Membrane-Based Bioartificial Liver Devices

Liver disease and the subsequent loss of liver function is an enormous clinical challenge, and is currently the 12th most frequent cause of death in the United States and the 4th most frequent for middle-aged adults [Mann et al., 2003]. Emergence of new liver diseases such as steatohepatitis, absence of a hepatitis C vaccine, and increasing number of hepatocellular carcinoma patients, further worsens the situation [Bosch et al., 2004; Jemal et al., 2010]. Liver transplantation is the only established successful treatment for end-stage liver disease, and currently there are over 120,000 people on the waiting list for a donor organ and of those, there are around 15,000 candidates awaiting a liver transplant (based on United Network for Organ Sharing Organ Procurement and Transplantation Network, UNOS OPTN, January 2016). In 2015, there were 5950 liver transplants performed in the United States.

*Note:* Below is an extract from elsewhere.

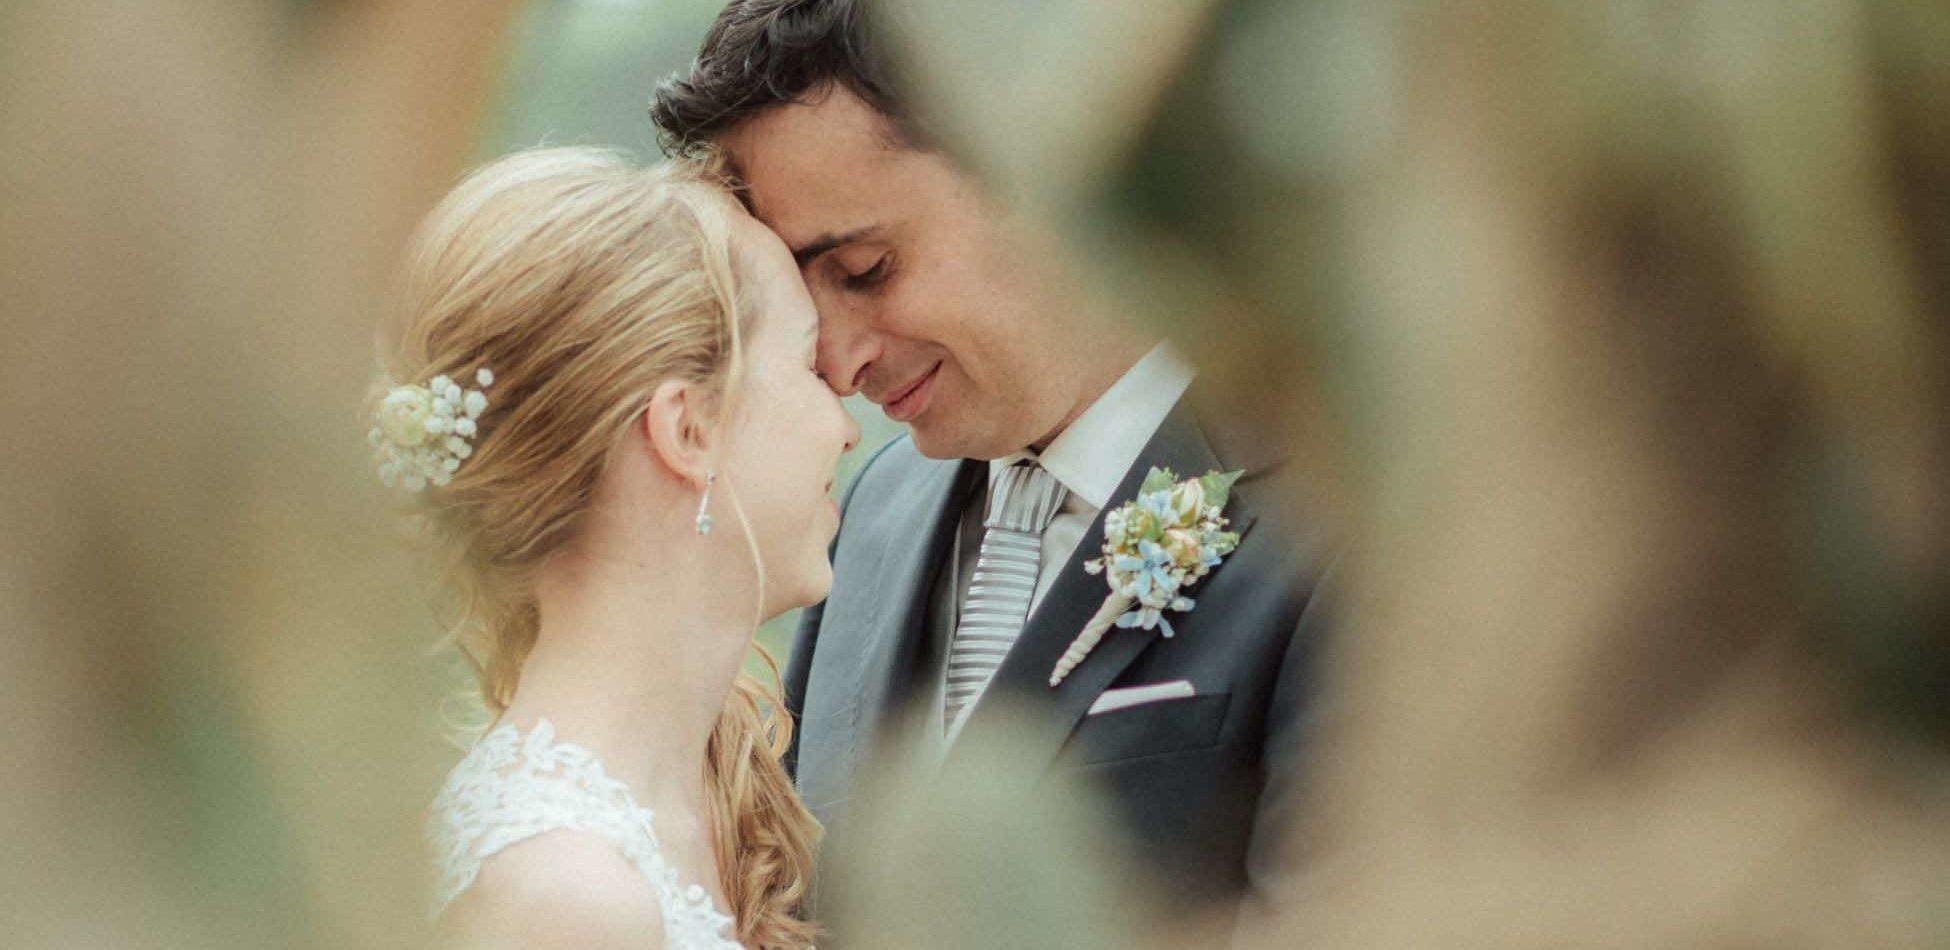 Professionelle Hochzeitsfotografie Hannover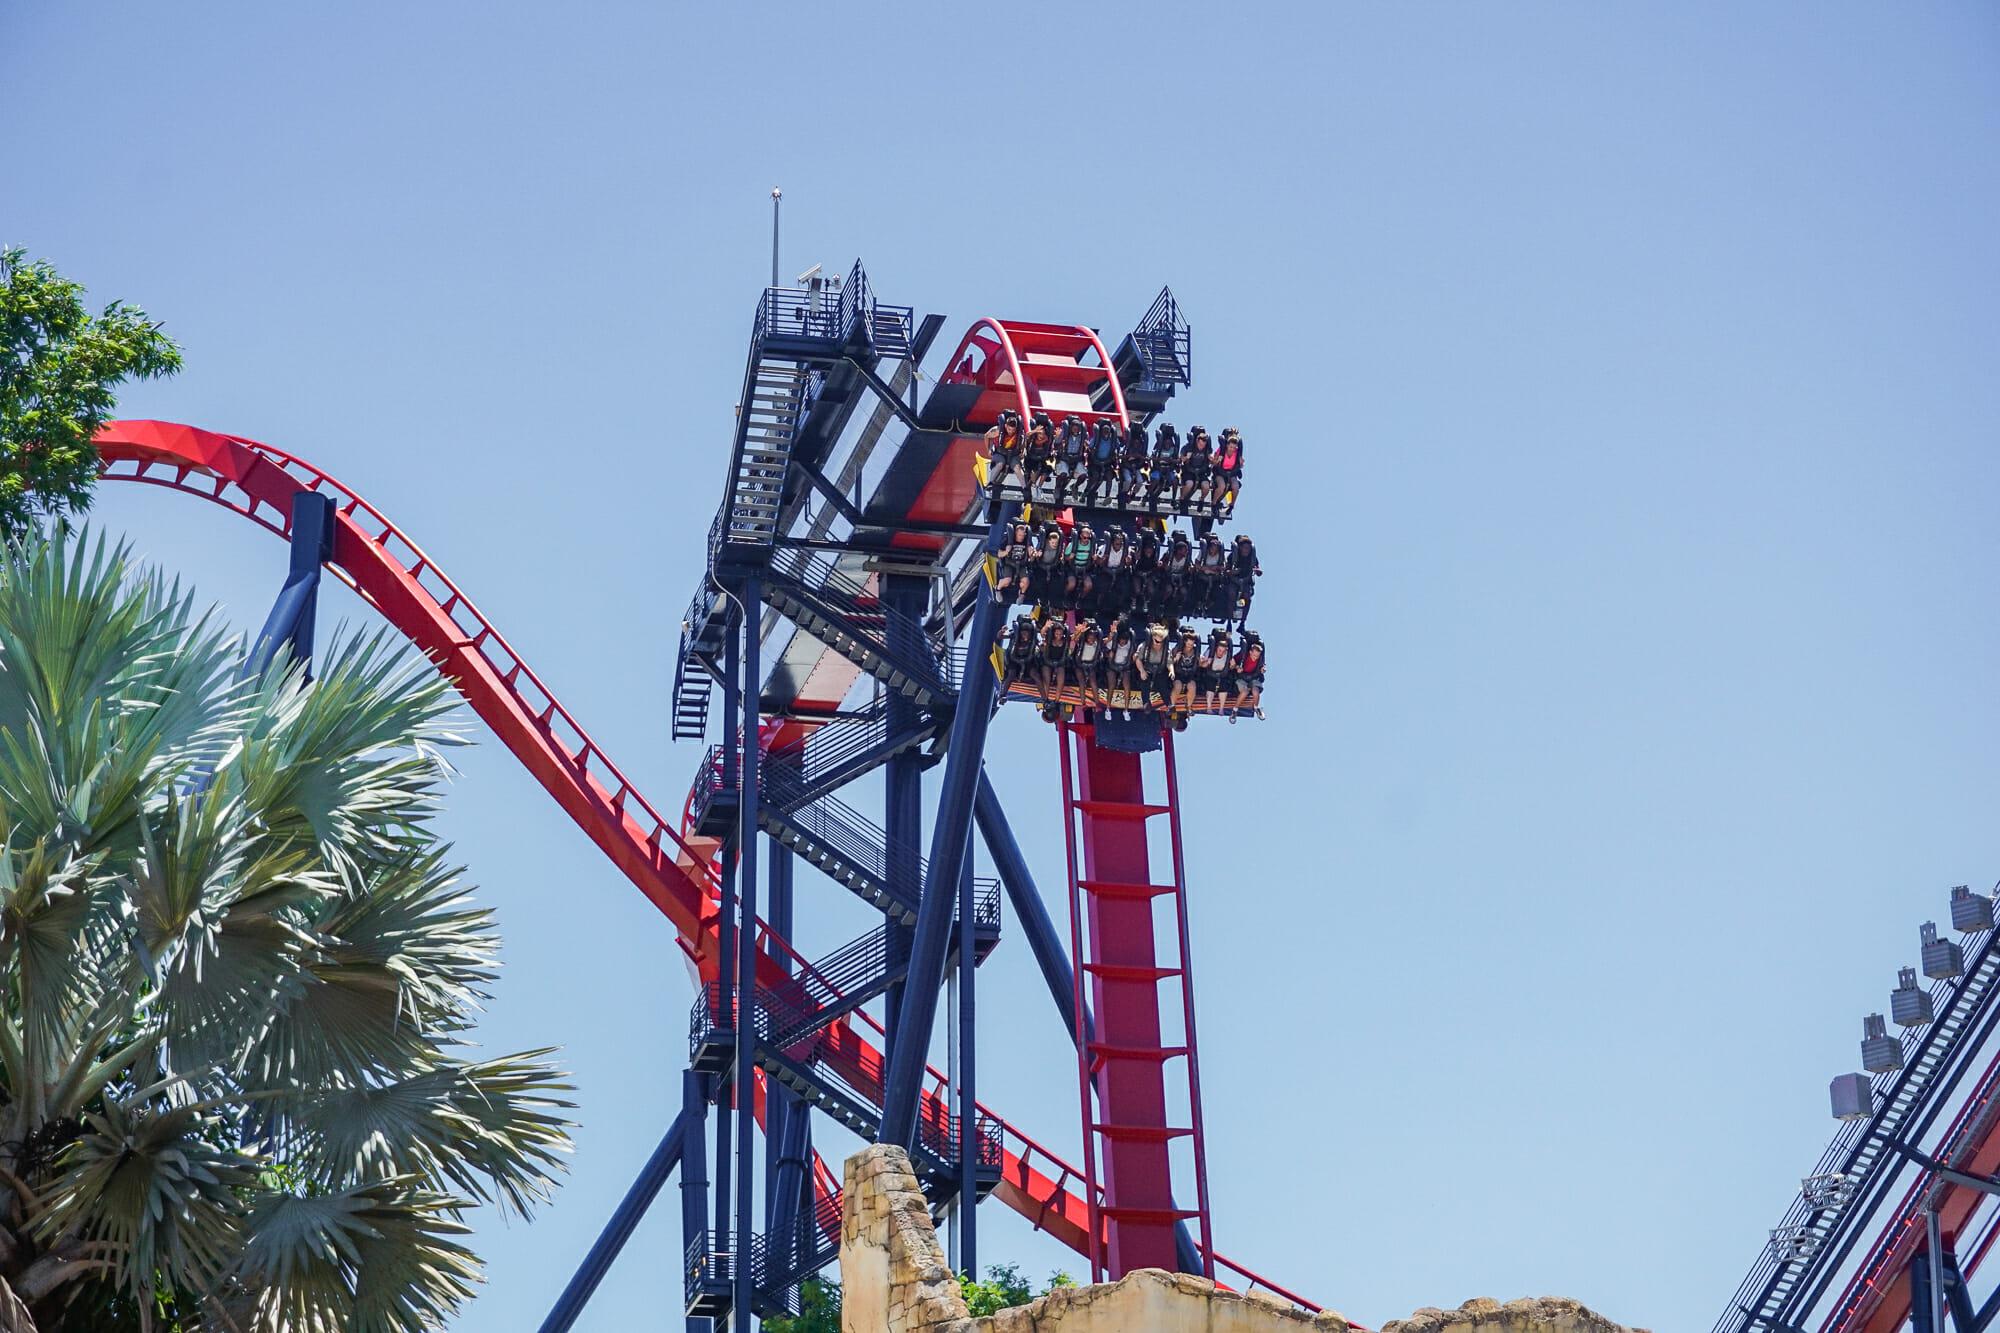 Foto da montanha-russa Sheikra, do Busch Gardens. O carrinho está no alto de um looping, e é possível ver os trilhos curvados e o céu azul ao fundo.

Various surgical options have been pursued, including living-donor partial transplantation and split liver transplants, in order to expand the supply of livers available for transplantation [Clavien et al., 2007]. Despite these surgical advances, organ shortage remains a major hurdle, thus it is unlikely that liver transplantation procedures alone will ever meet the increasing demand. For these reasons, many researchers have developed various extracorporeal biohybrid artificial liver (BAL) systems. Generally, a BAL system consists of functional liver cells supported by an artificial cell culture material. In particular, it incorporates hepatocytes into a bioreactor in which the cells are immobilized, cultured, and induced to perform the hepatic functions by processing the blood or plasma of liver-failure patients. BAL devices act as a bridge for the patients until a donor organ is available for transplantation or until liver regeneration [Strain et al., 2002].